For the material below, set down exactly the lines between the one containing "EV fast charging station" and the last line, both included, leaving every picture out.
(Dataset excerpt begins)
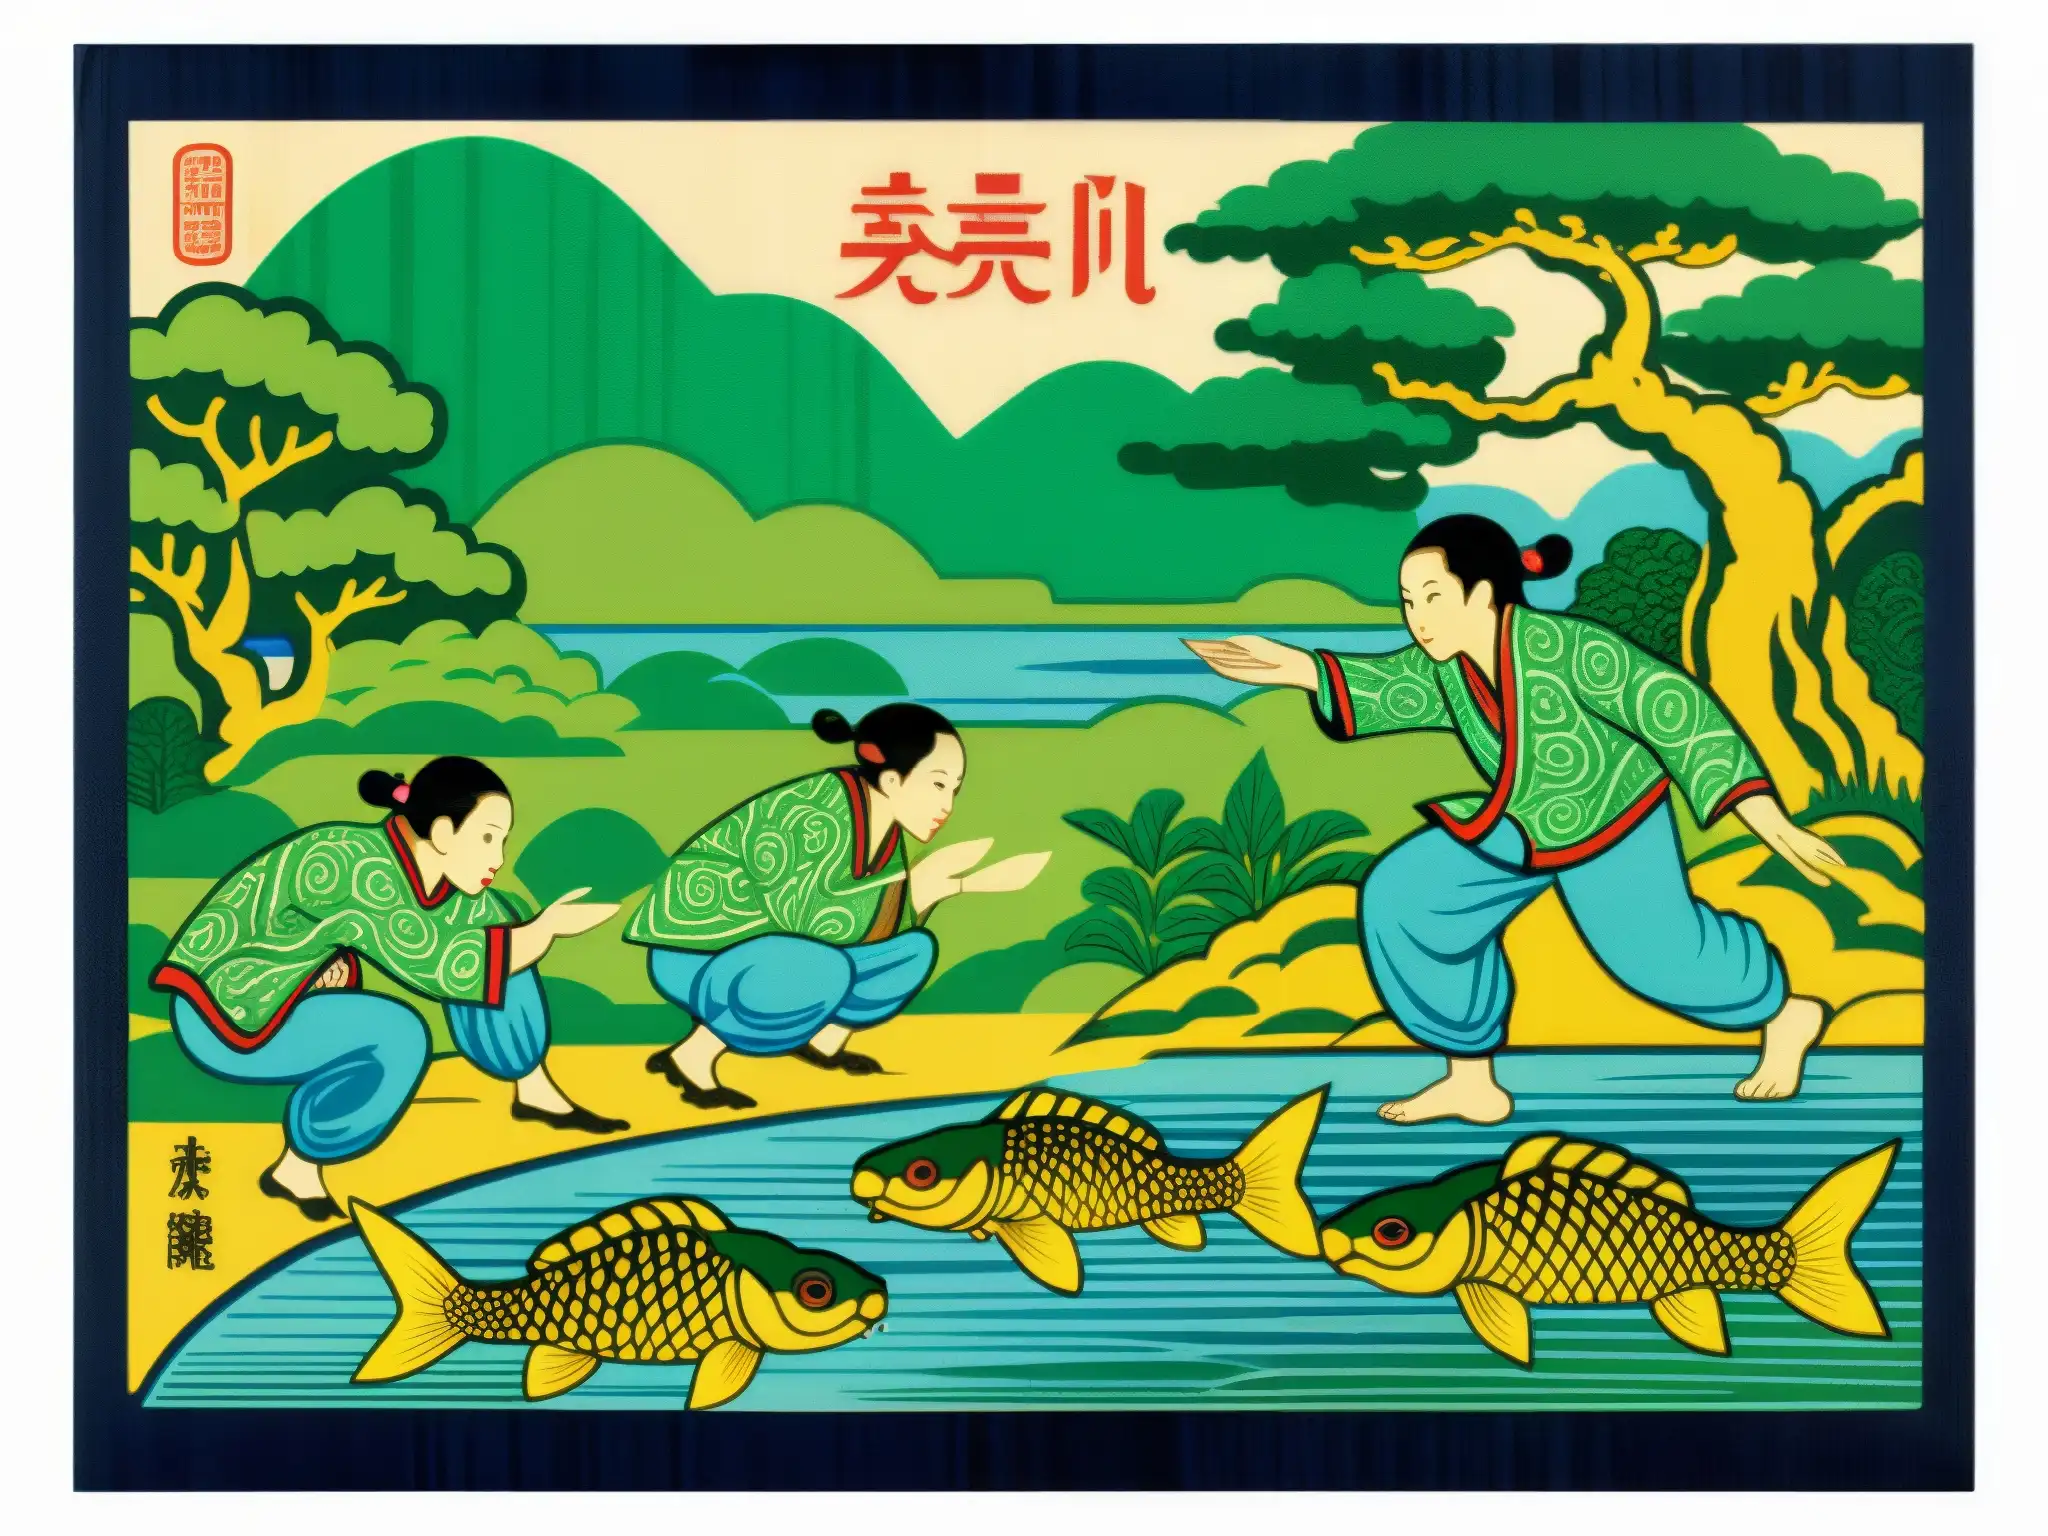 Ilustración detallada de kappa interactuando con humanos en un río, rodeados de exuberante naturaleza y arquitectura japonesa
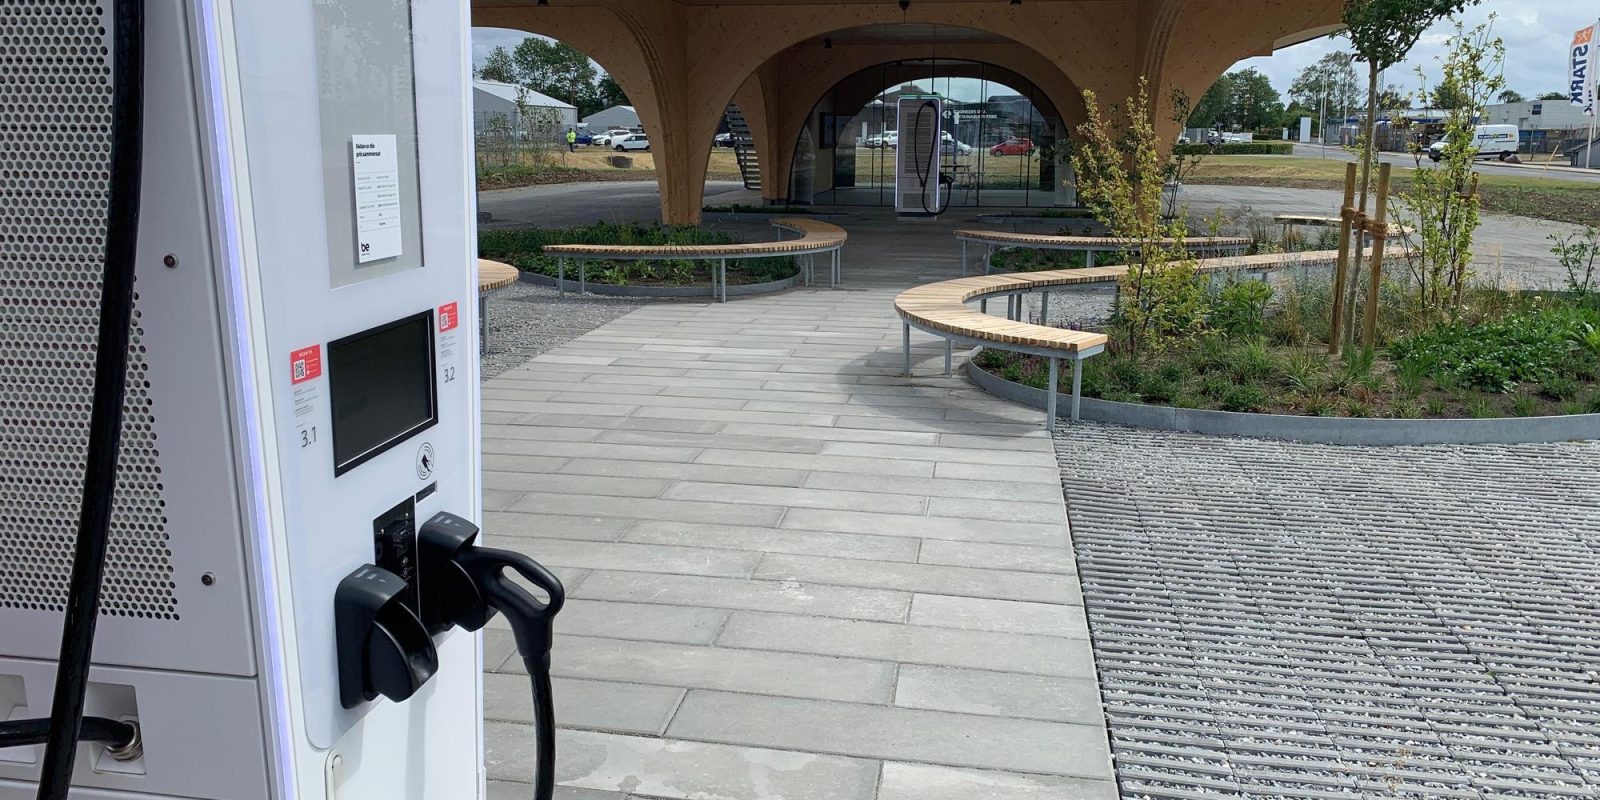 EV fast charging station
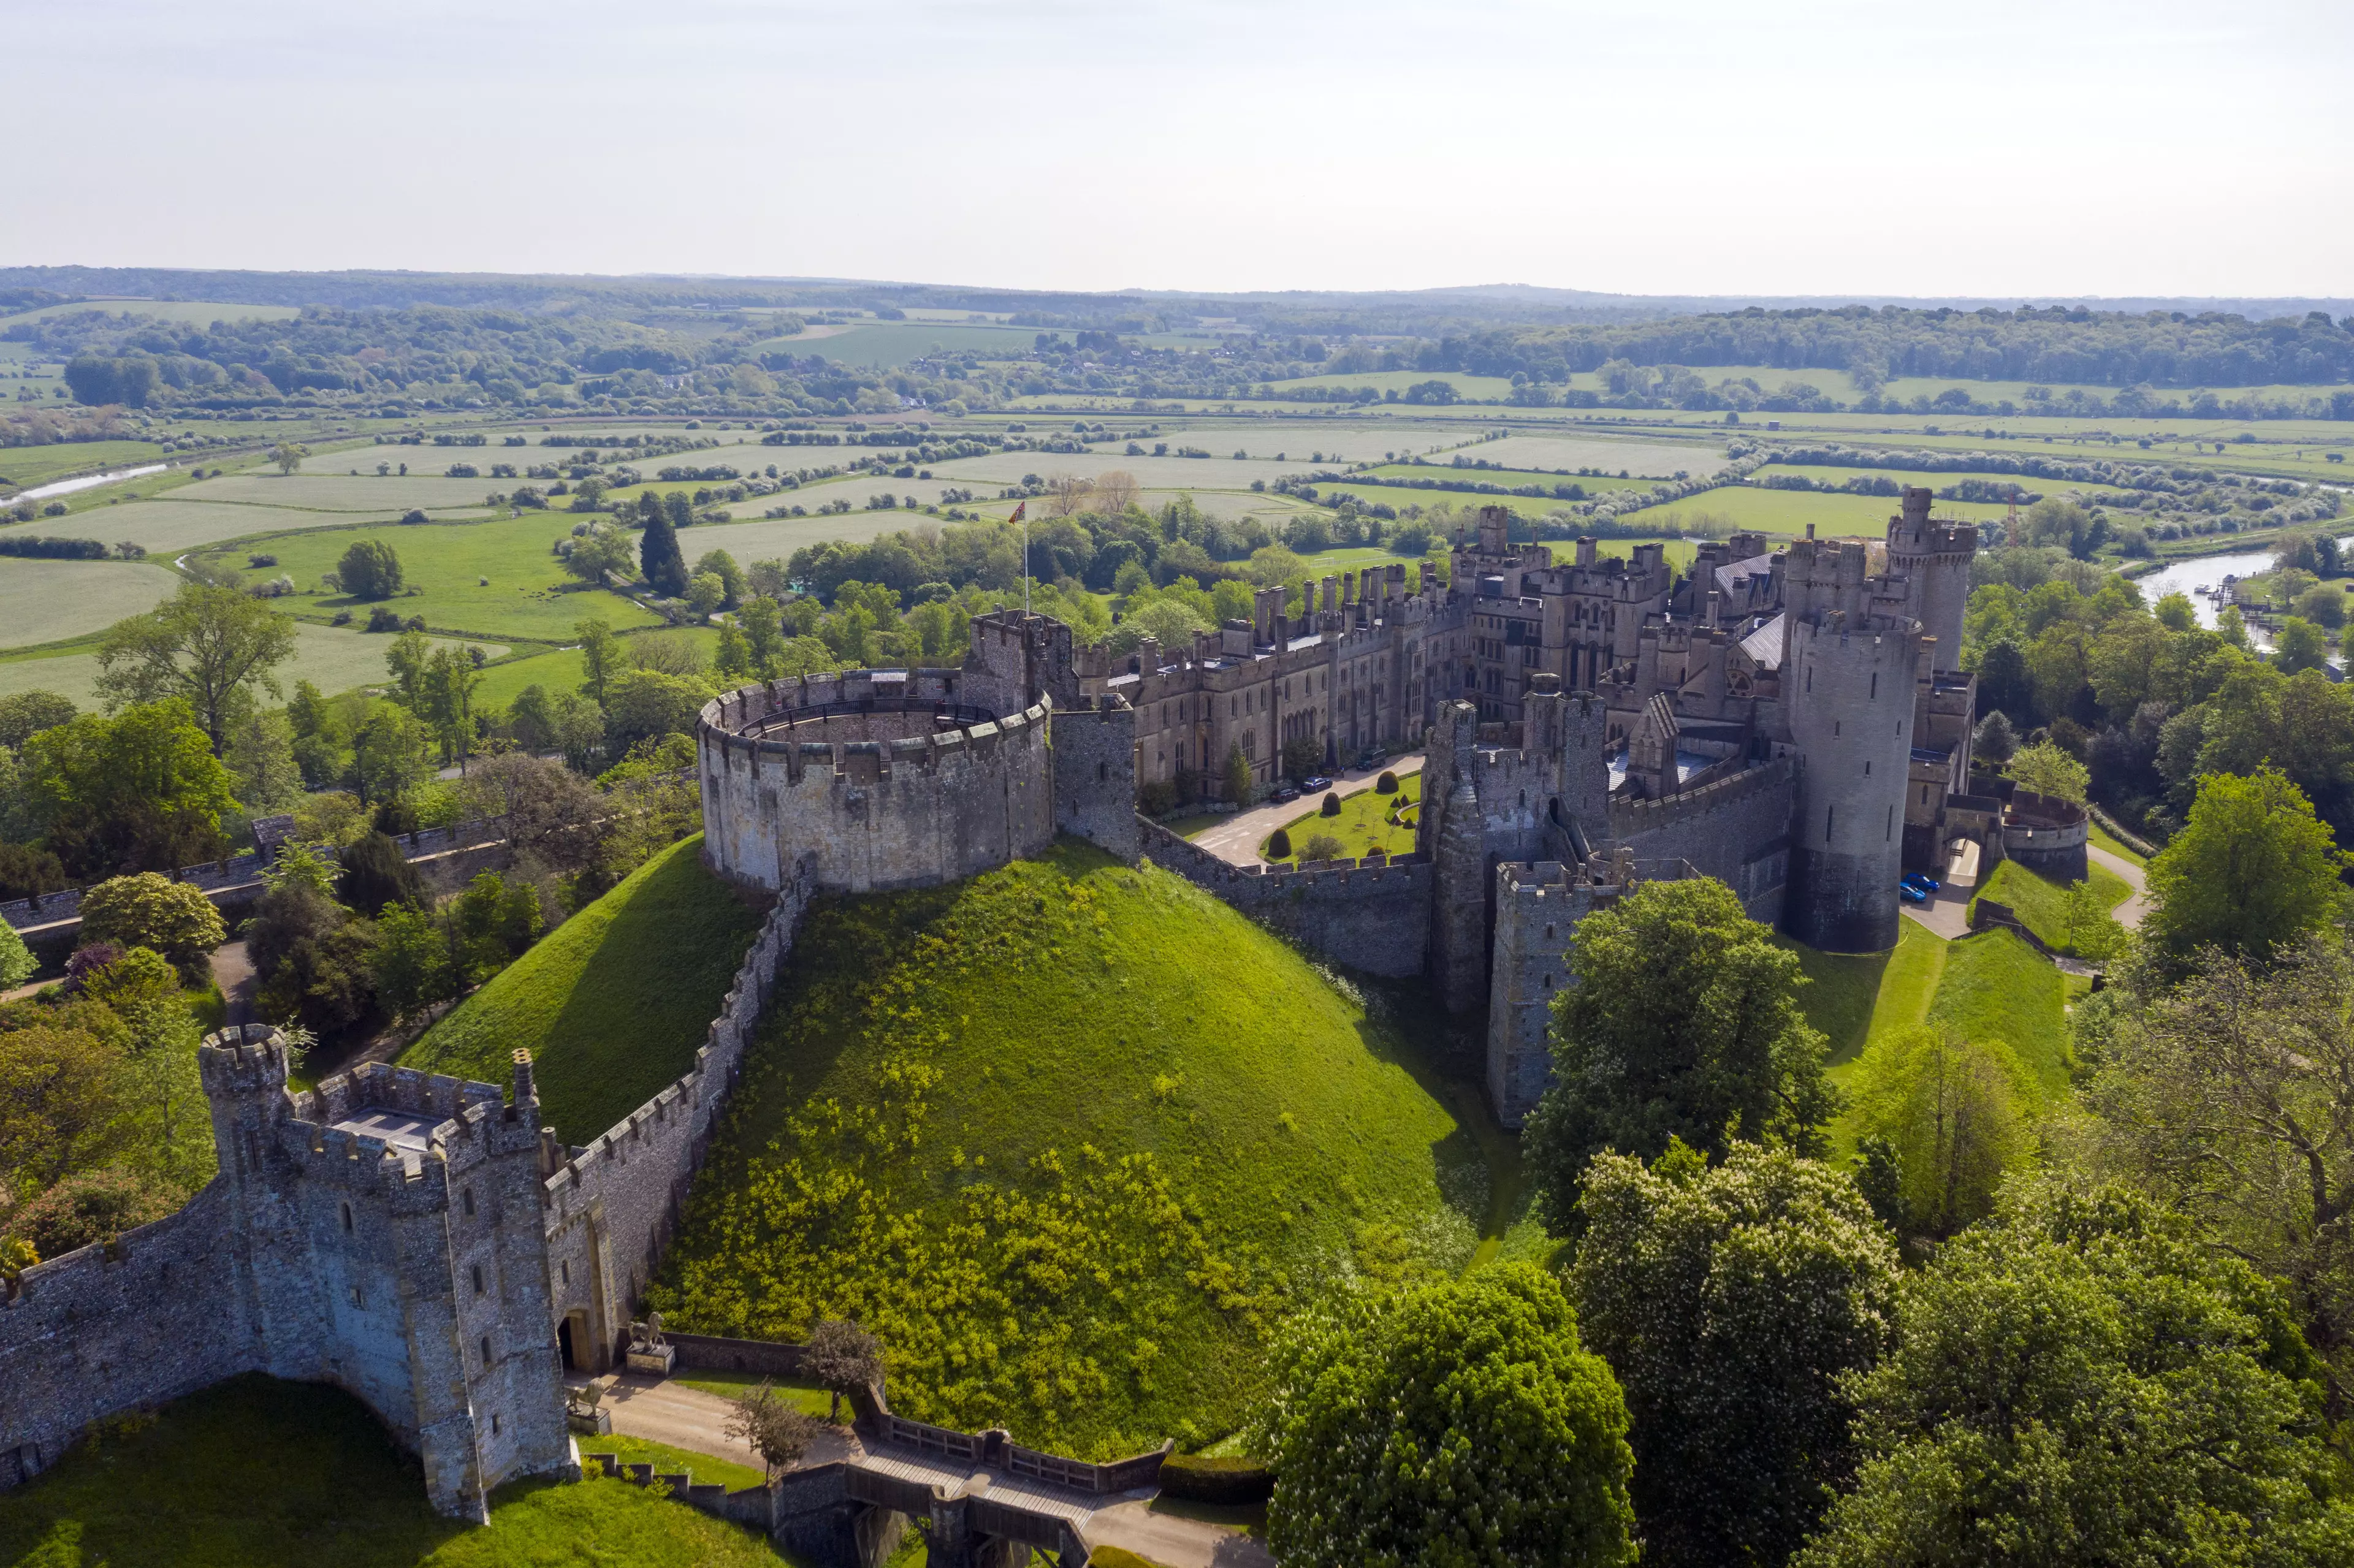 Tourism hotspots like Arundel Castle have been deserted.
(Dataset excerpt ends)
→ **Response**:
 EV fast charging station
 Tourism hotspots like Arundel Castle have been deserted.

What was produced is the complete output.